Man's political nature is exhibited by his membership in a single group or (in practical terms) many groups that, in part, make up the common good and demonstrate the organized structure of society; the mere fact of a group itself is sufficient proof that someone is a member of society and is, in the truest sense, political. The moment you make conditions, that is, once you declare that personality is due to something other than mere humanity, you are, essentially, denying that man is political by nature, as well as undermining the natural moral law.

Fortunately, however, Mason had an inherent understanding of the importance of groups, and realized that true political action consists of something more than simply passing and enforcing laws. Mason's remarkable accomplishment was to insert Aristotle's concept of man as a political animal into a supremely individualistic culture and intellectual framework. He was able to find a middle ground and develop a synthesis between liberal philosophy's state of nature and Cardinal Bellarmine's concept that God grants certain rights to the collective.

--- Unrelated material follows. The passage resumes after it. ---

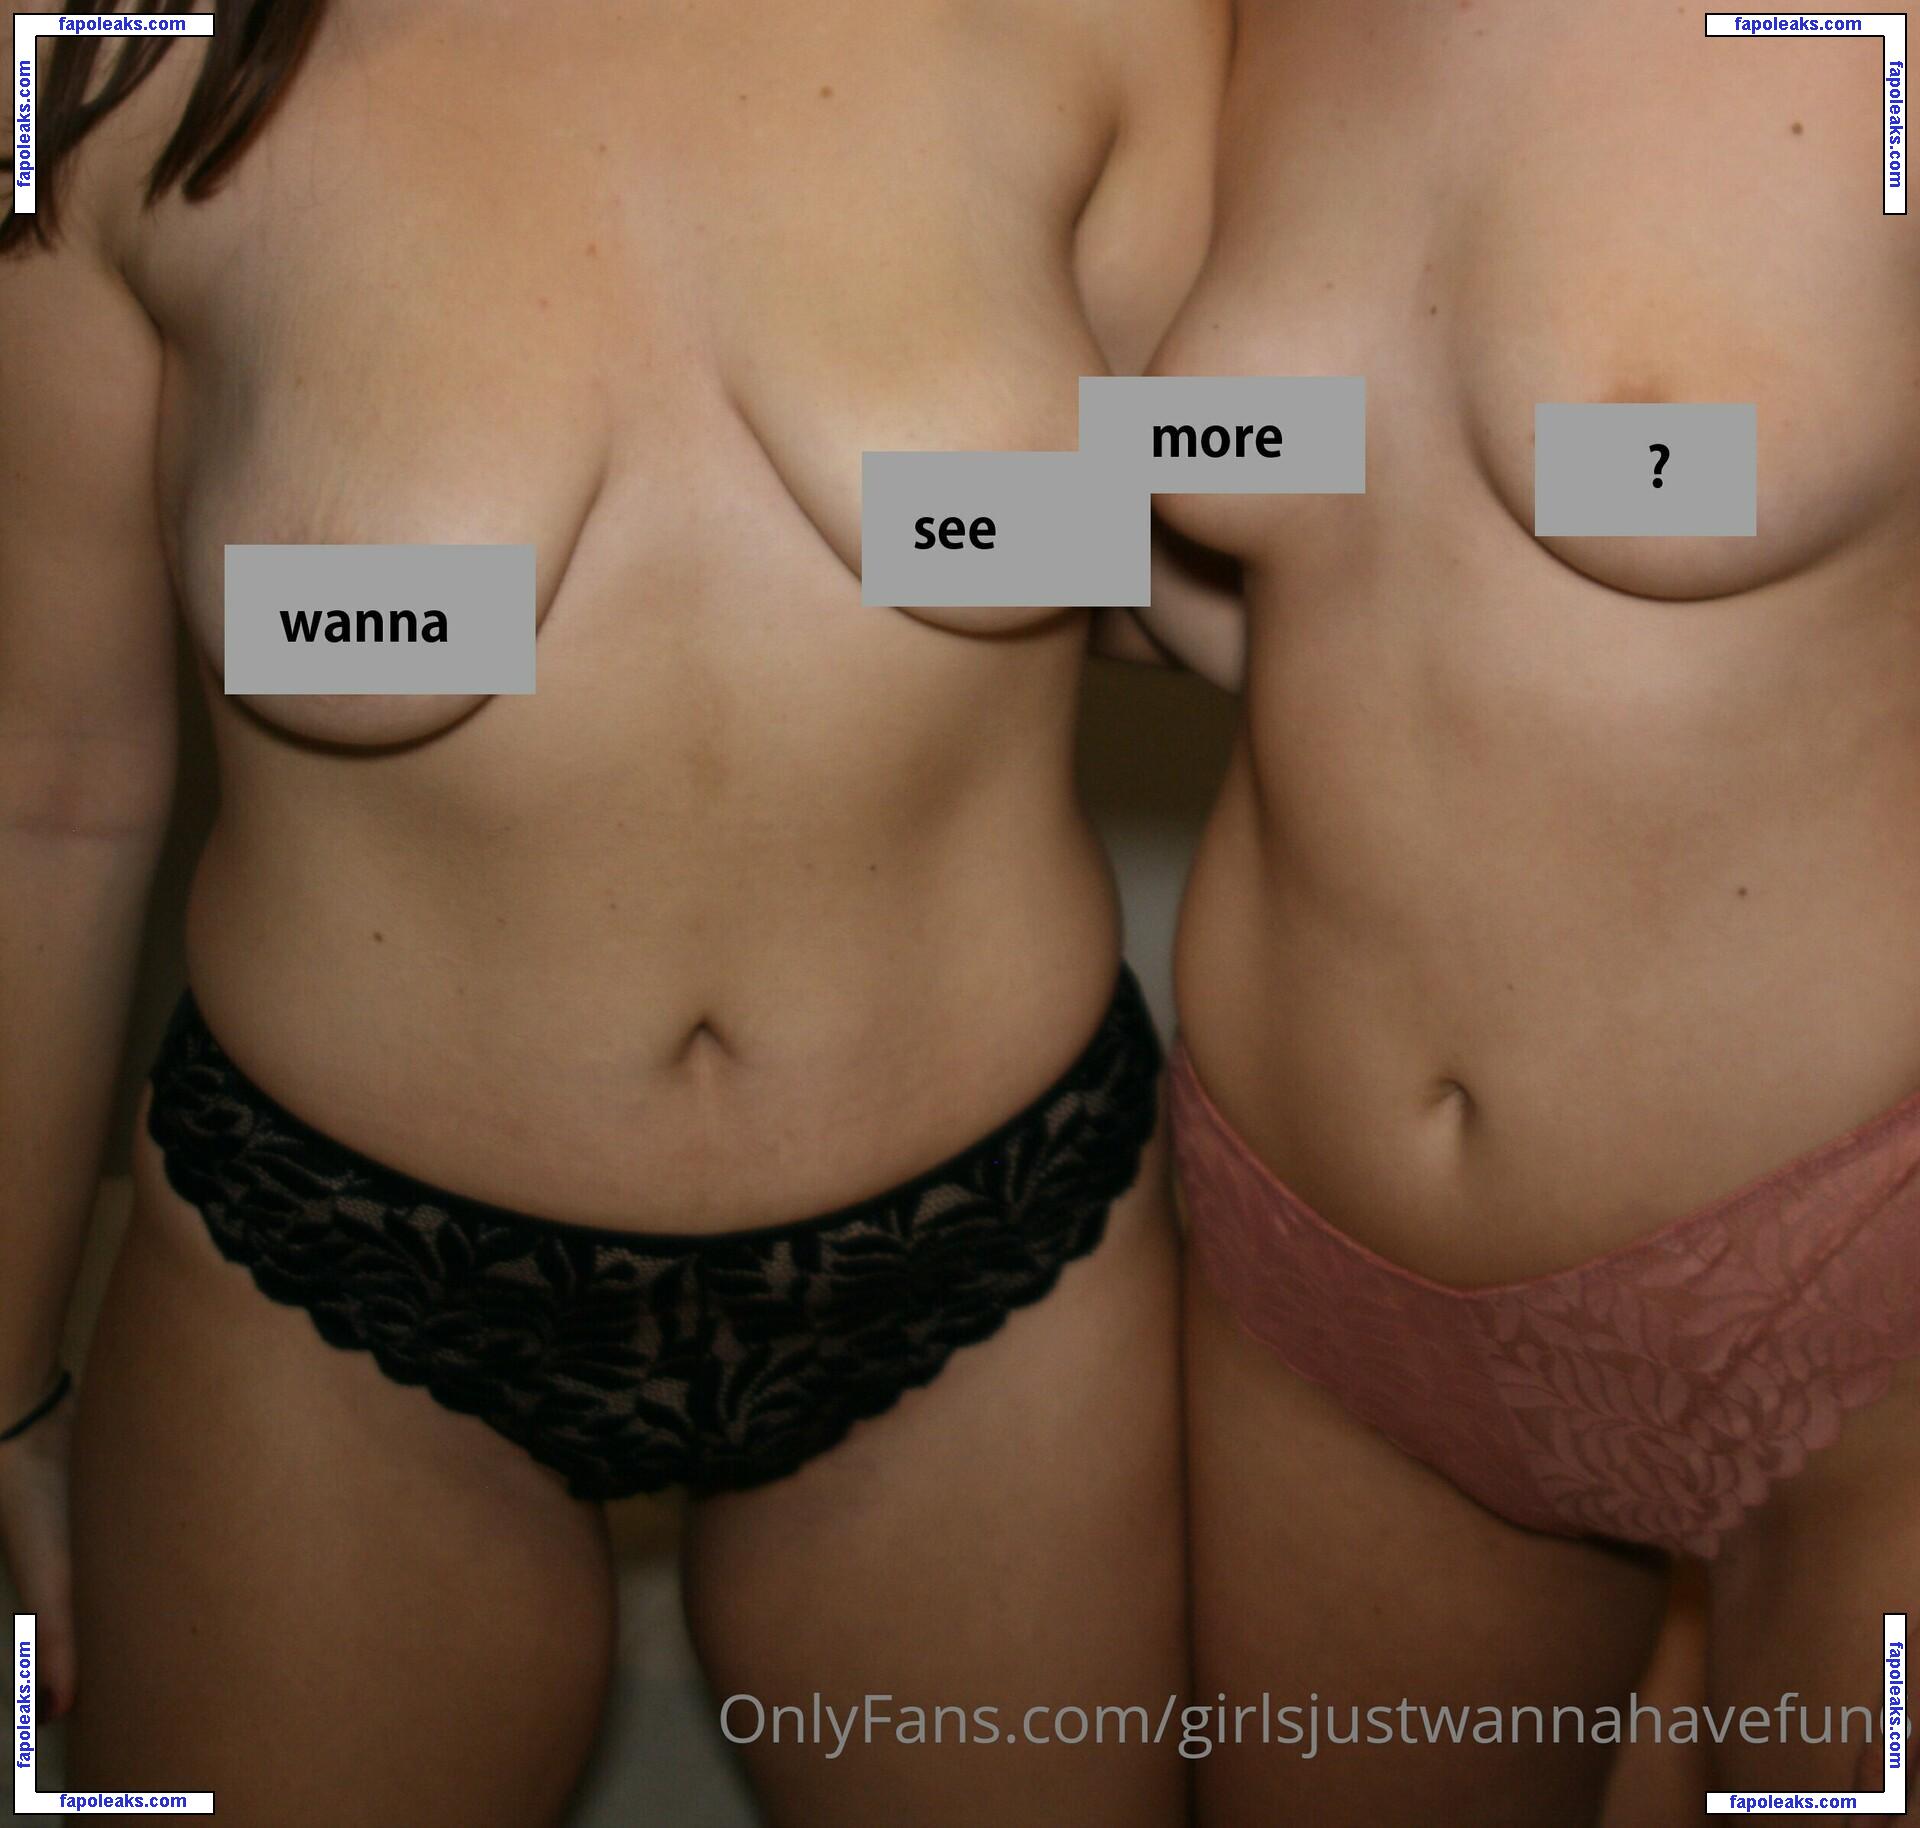 girlsjustwannahavefun6 / stellatietz nude photo #0004 from OnlyFans

Mason's via media was not articulated. It is, however, powerfully evident in his draft of the Virginia Declaration of Rights, his insistence on a bill of fundamental natural rights in the U.S. Constitution, and, fortunately, in his influence on the founding document of the United States: the Declaration of Independence.

Mason can therefore be given credit for the way in which the American approach to government and politics developed immediately following the Revolution. As we will see in the next posting in this series, private property, free association, and the idea of groups were in America combined in a unique new way that developed not only a new science of politics, but gave hints of a new concept in moral philosophy, the idea of "social virtue," that is, legal justice as a particular, not merely a general virtue.